» Work order:
Write out word for word the lines from the one holding "Katlı Carmen Yaka" through the end of the data, and only those lines. Pictures stay out.
Input data Start Marker
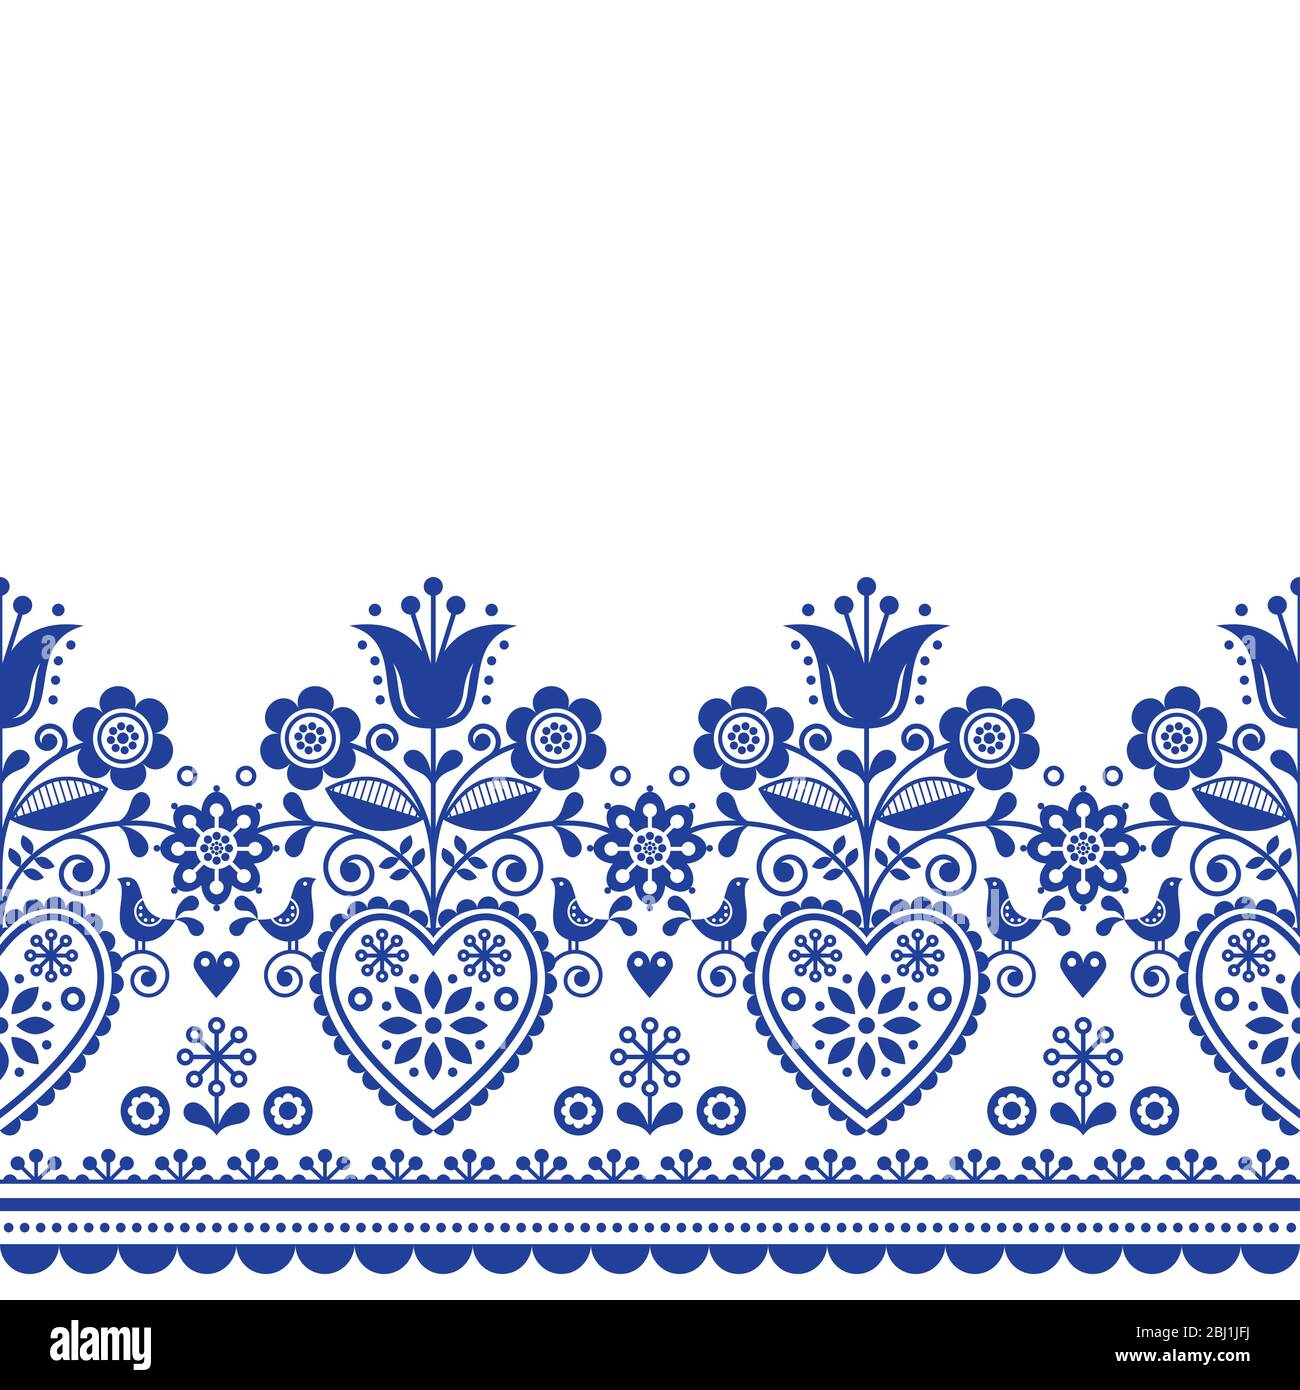 Skandinavische Volkskunst Grußkarte Vektor Muster mit Vögeln und Blumen, Nordic Retro repetitive Dekoration mit Blumen Stock Vektor
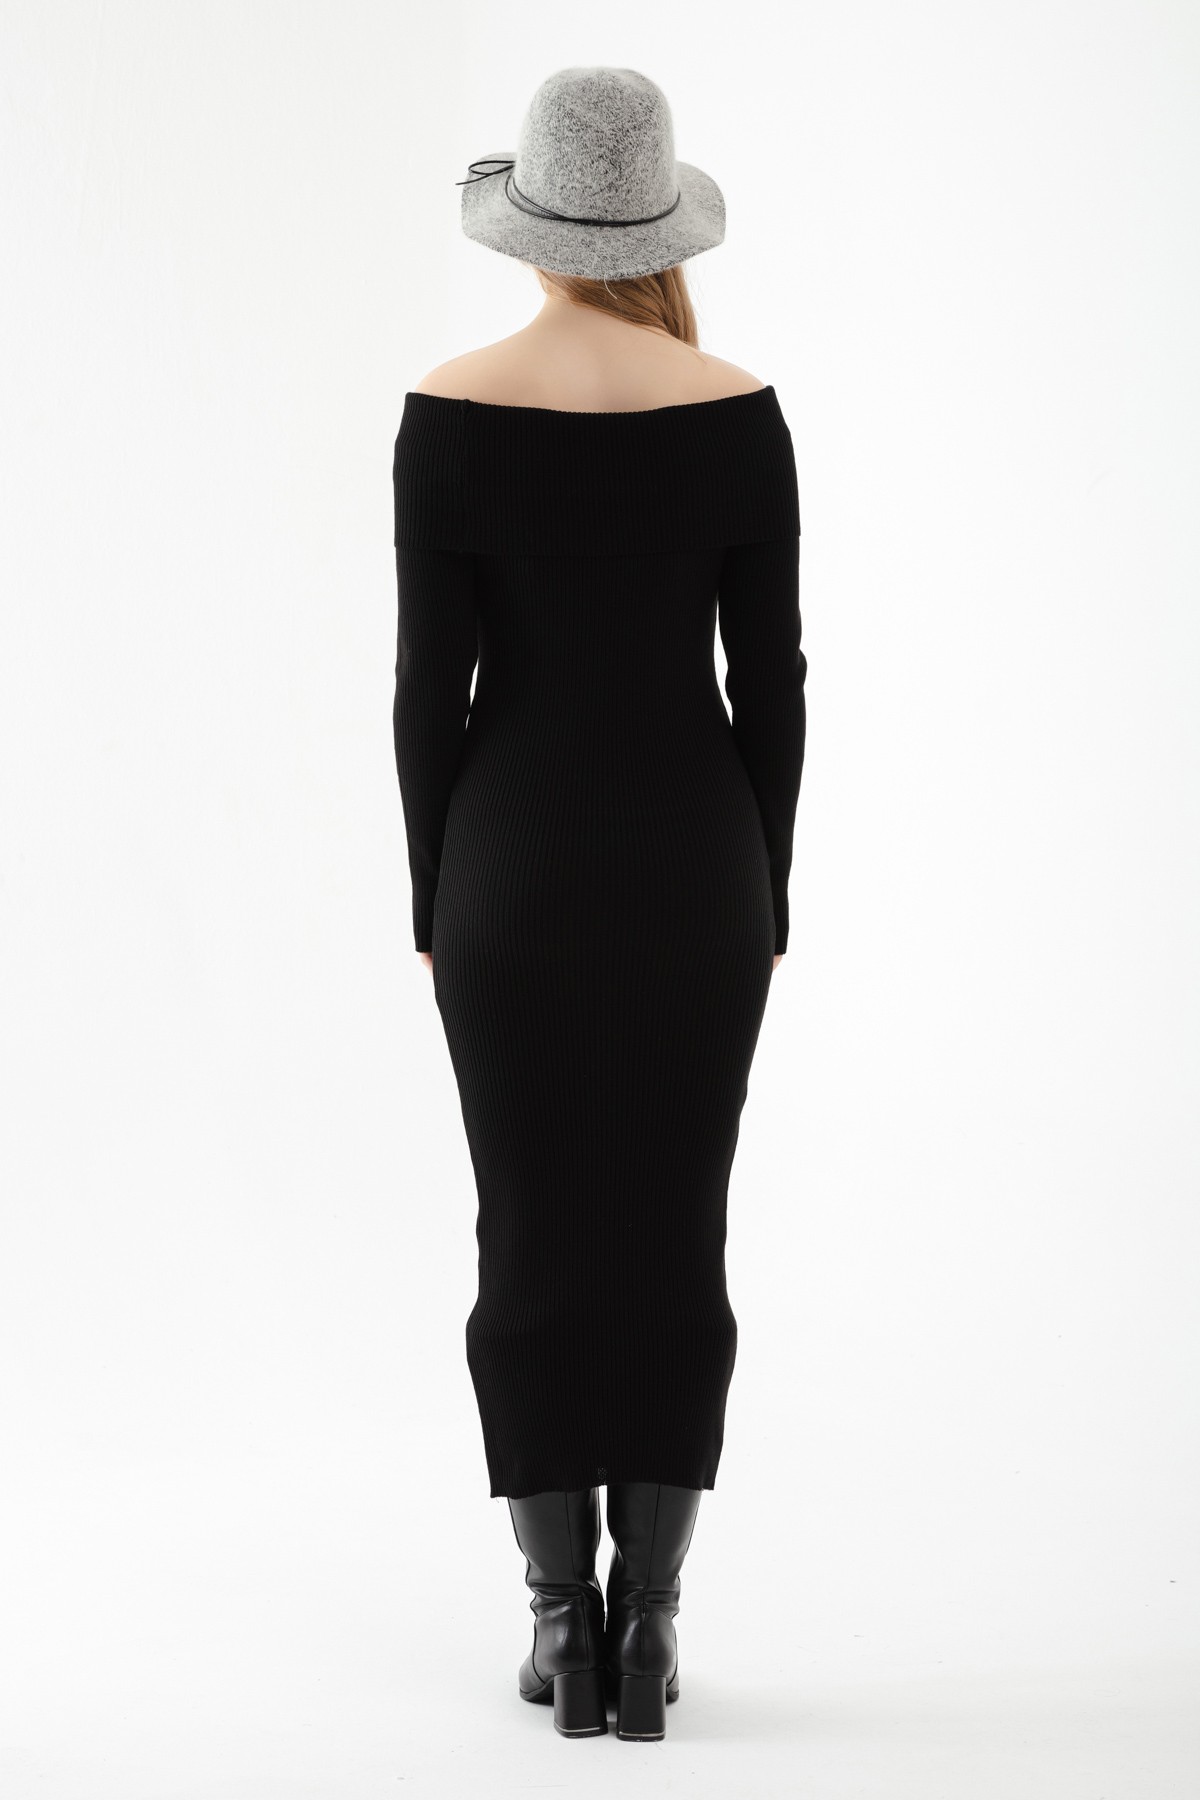 Katlı Carmen Yaka Fitilli Triko Elbise - Siyah
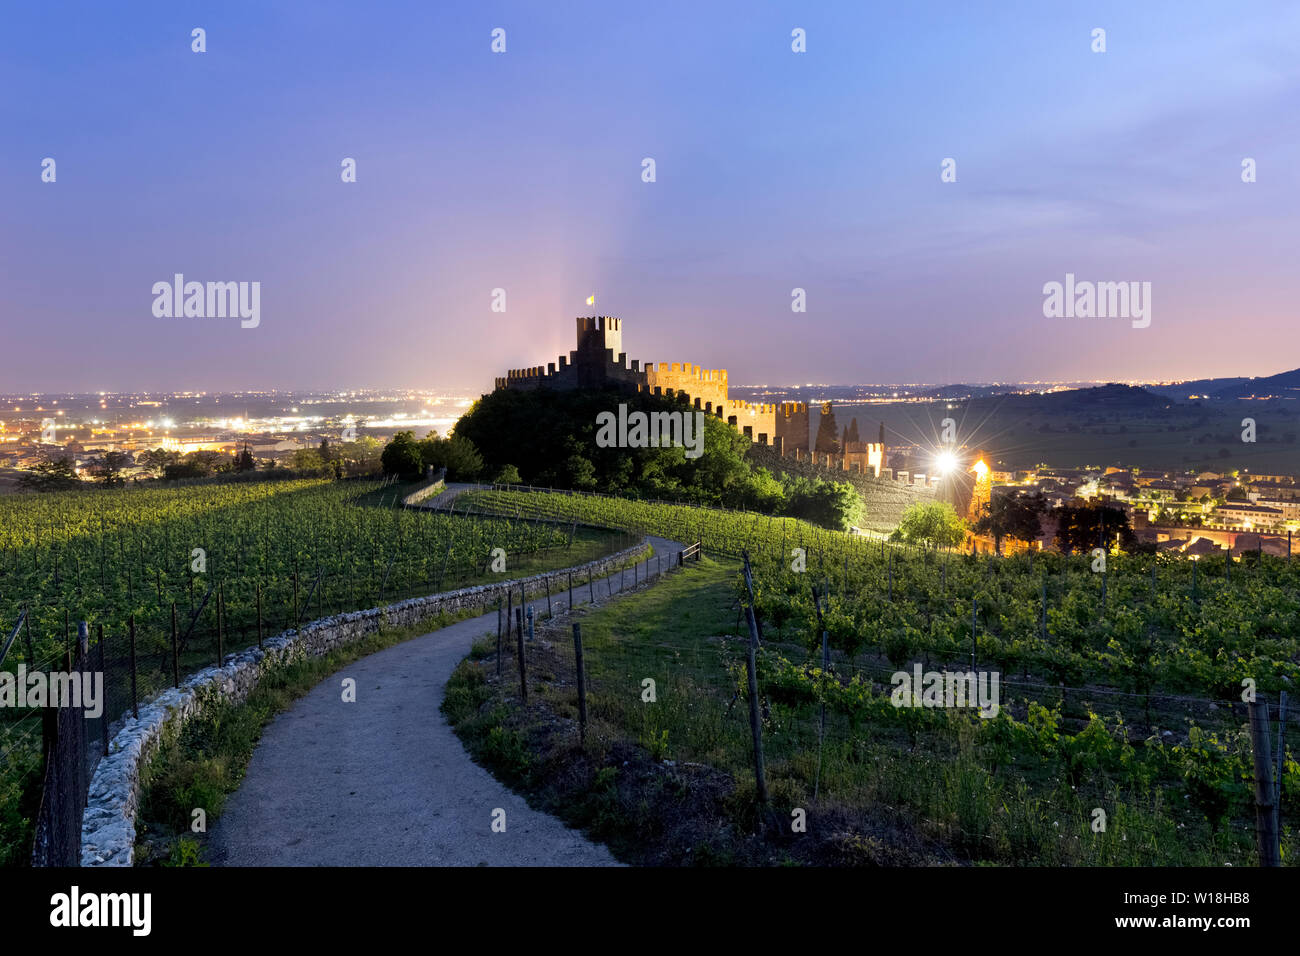 The Scaligero castle and the road among the Soave wine vineyards. Soave, Verona province, Veneto, Italy, Europe. Stock Photo
Input data End Marker
» The answer:
 Katlı Carmen Yaka Fitilli Triko Elbise - Siyah
 The Scaligero castle and the road among the Soave wine vineyards. Soave, Verona province, Veneto, Italy, Europe. Stock Photo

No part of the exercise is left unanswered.